For error computations, it is better to divide by the element with the largest modulus (in this case 3.5) and hence the errors approach machine precision. However, due to round-off errors do not expect machine accuracy for large arrays in any floating-point computing system.

yes, you are right.

besides, accumulation of rounding error of inner product should be O(N)

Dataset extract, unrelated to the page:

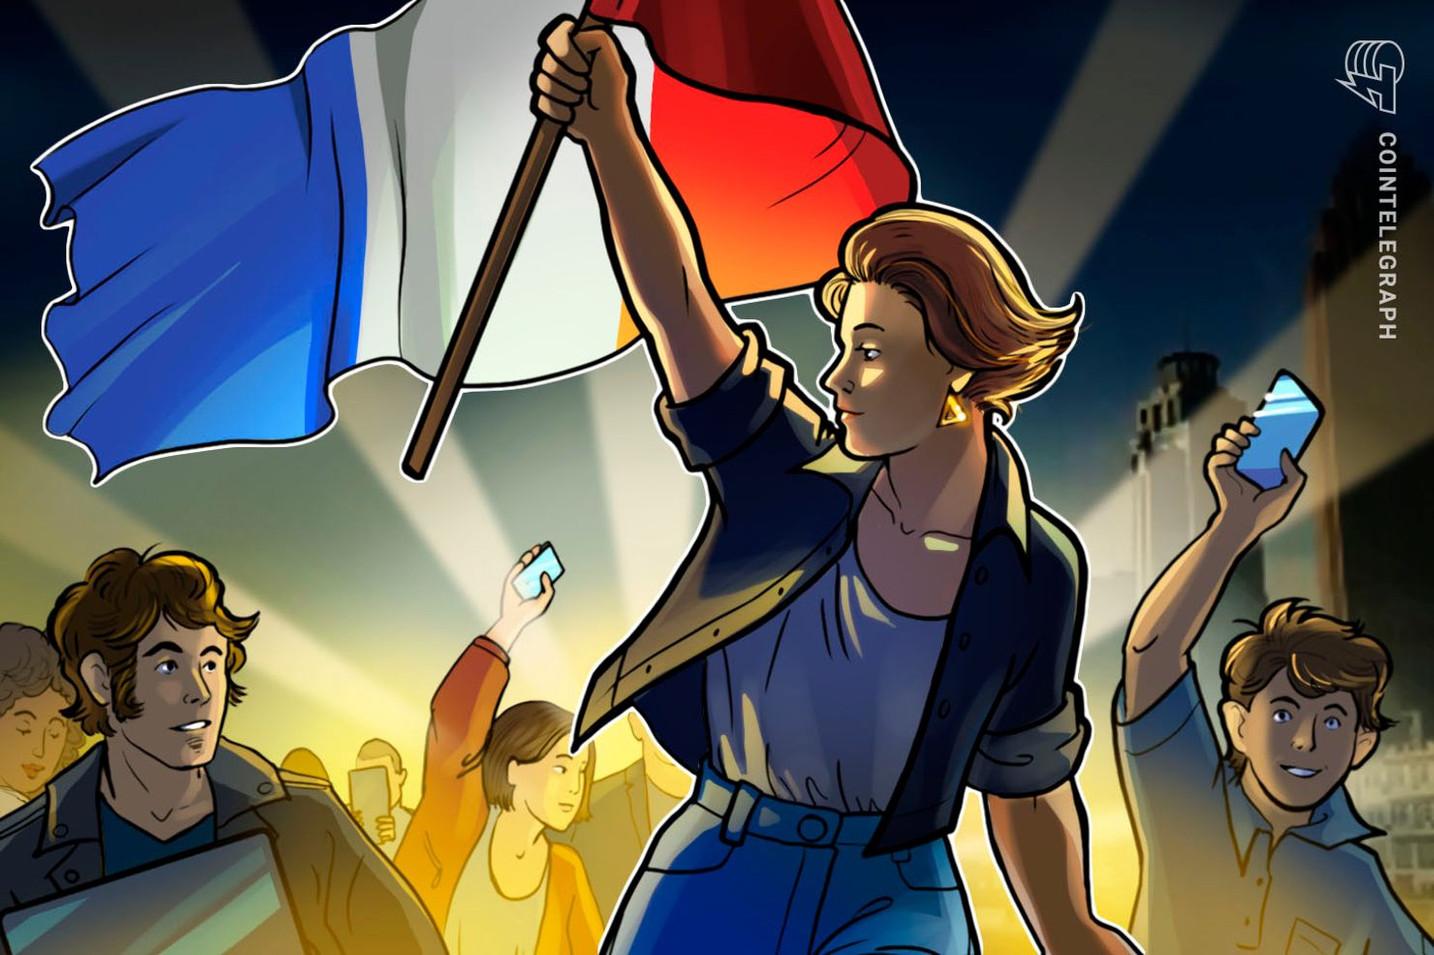 週末ビットコインの上げ材料? パリ暴動、銀行の取り付け騒ぎを計画
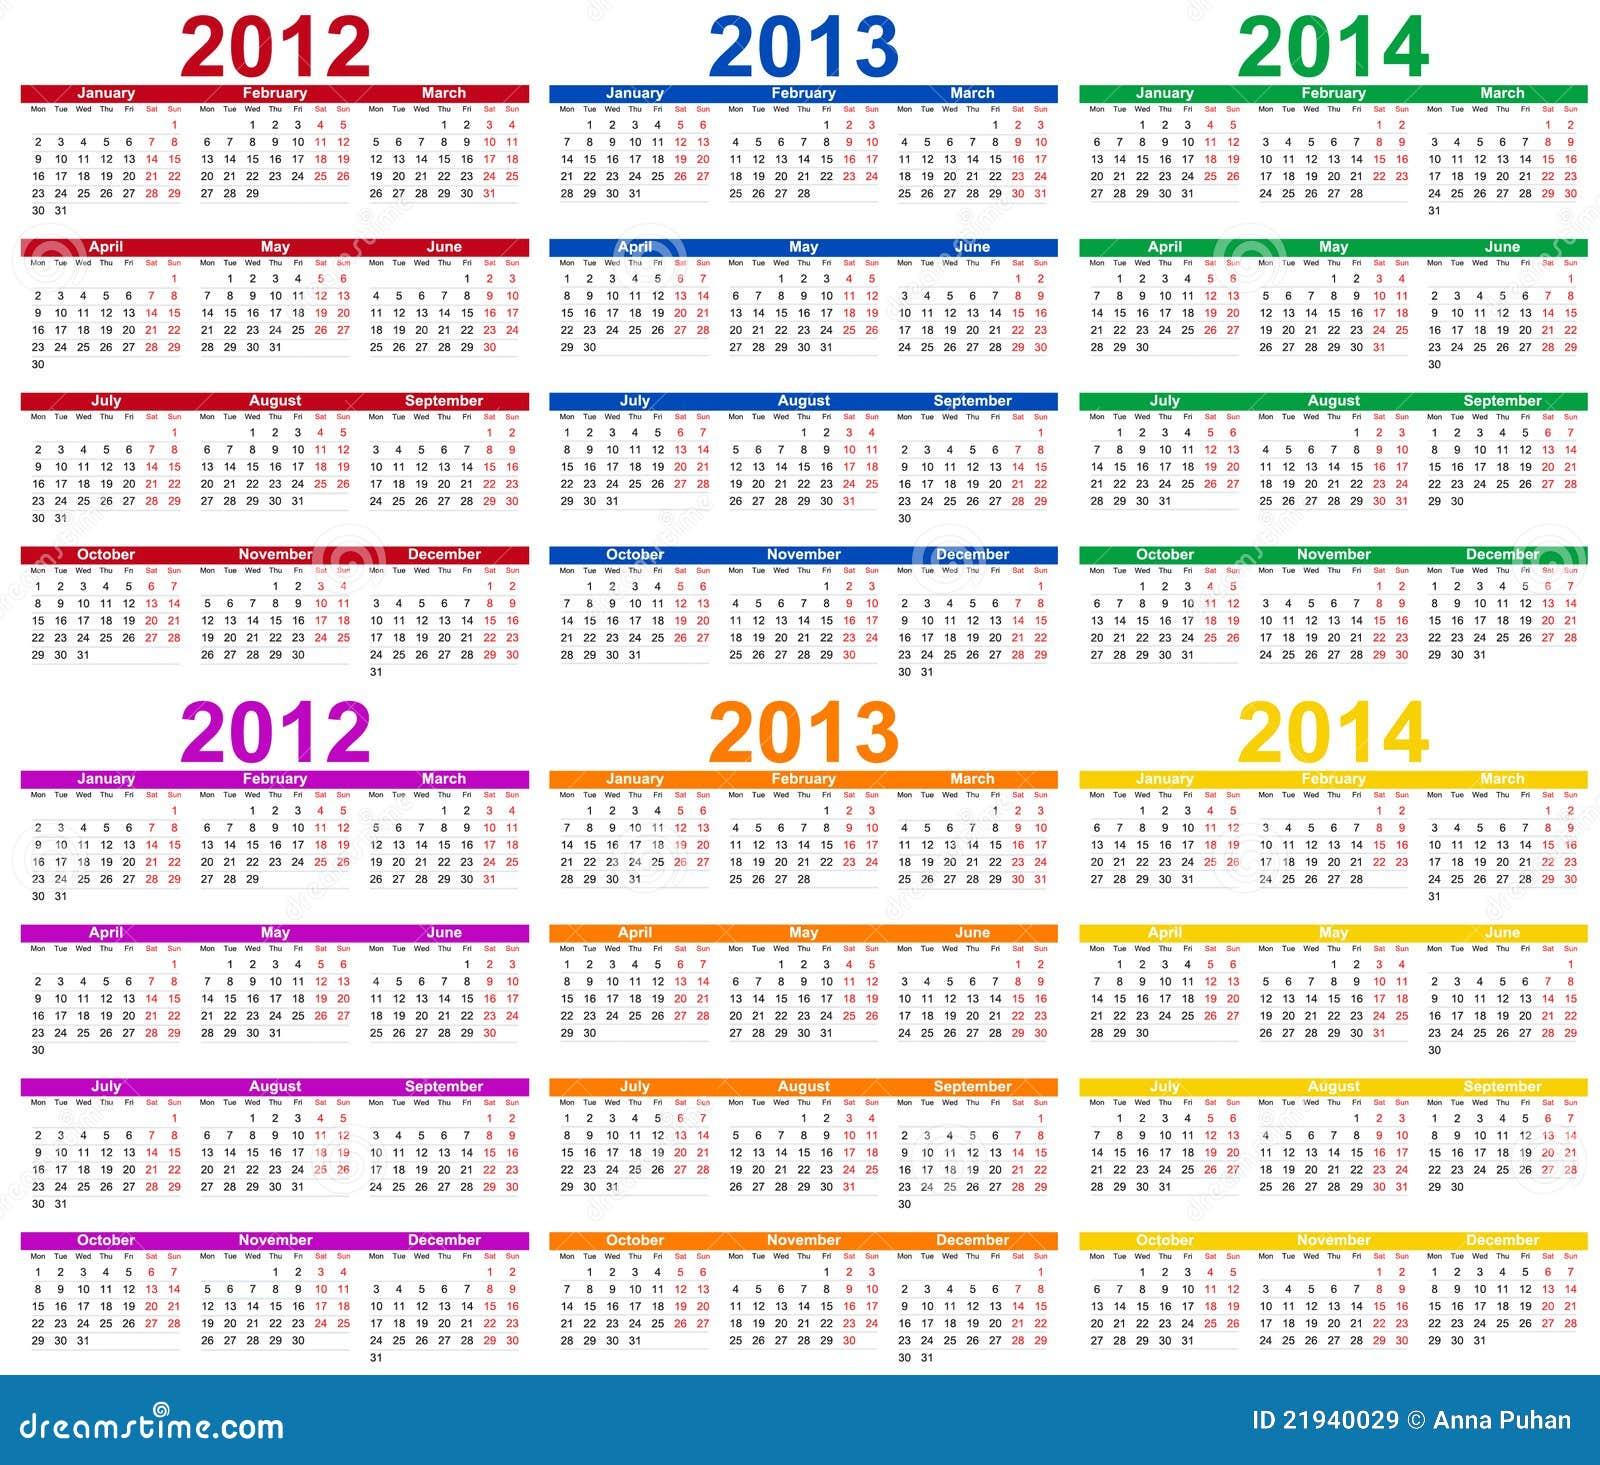 Набор цветной календарь 2012, 2013 и 2014.  2013,апрель,август,справочная информация,календарь,круги,цвет,дата,день...

but for FFT, it should be O(logN).

if I was wrong, then please correct me.

Without a formal error analysis (which could be difficult or impossible) your error estimates cannot be conformed. Furthermore there are many technical terms attached to errors analysis such as backward errors, forward errors, relative errors, absolute errors etc. However, error analysis of FFT computations is not a big issue and most people are fairly happy about the accuracy they get from a standard package. In practical problems such as in signal and image processing, measurement (data) errors are dominant compared with rounding errors unless the data sets are huge. For very large N then a higher precision should be used if you are worried about the accuracy.

I agree with you.

I use FFT on PDE/ODE computation (some special case, not general method for PDE/ODE or used as precondition),

I use FFT to solve a linear system from PDE/ODE.

FFT is a unitary transformation, then it is stable than LU-factorization (although LU is backward stable).

before I use CPU package (original:F77, but I translate it to C-code by f2c ), of course I have

evaluated the package in “double” and high precision package, downloaded from http://crd.lbl.gov/~dhbailey/mpdist/

now I want to use GPU as main computation device, so I need to ask accuracy of cuFFT (comparable with CPU version).

However old version of cuda 2.3 is not accurate on “double”, but now it seems O.K.

I do not believe that LU is not backward stable but certain amount of stability is gained by pivoting. The old version of FFT perhaps had a bug (and CUDA designers probably do not want to discuss about it since it has been corrected).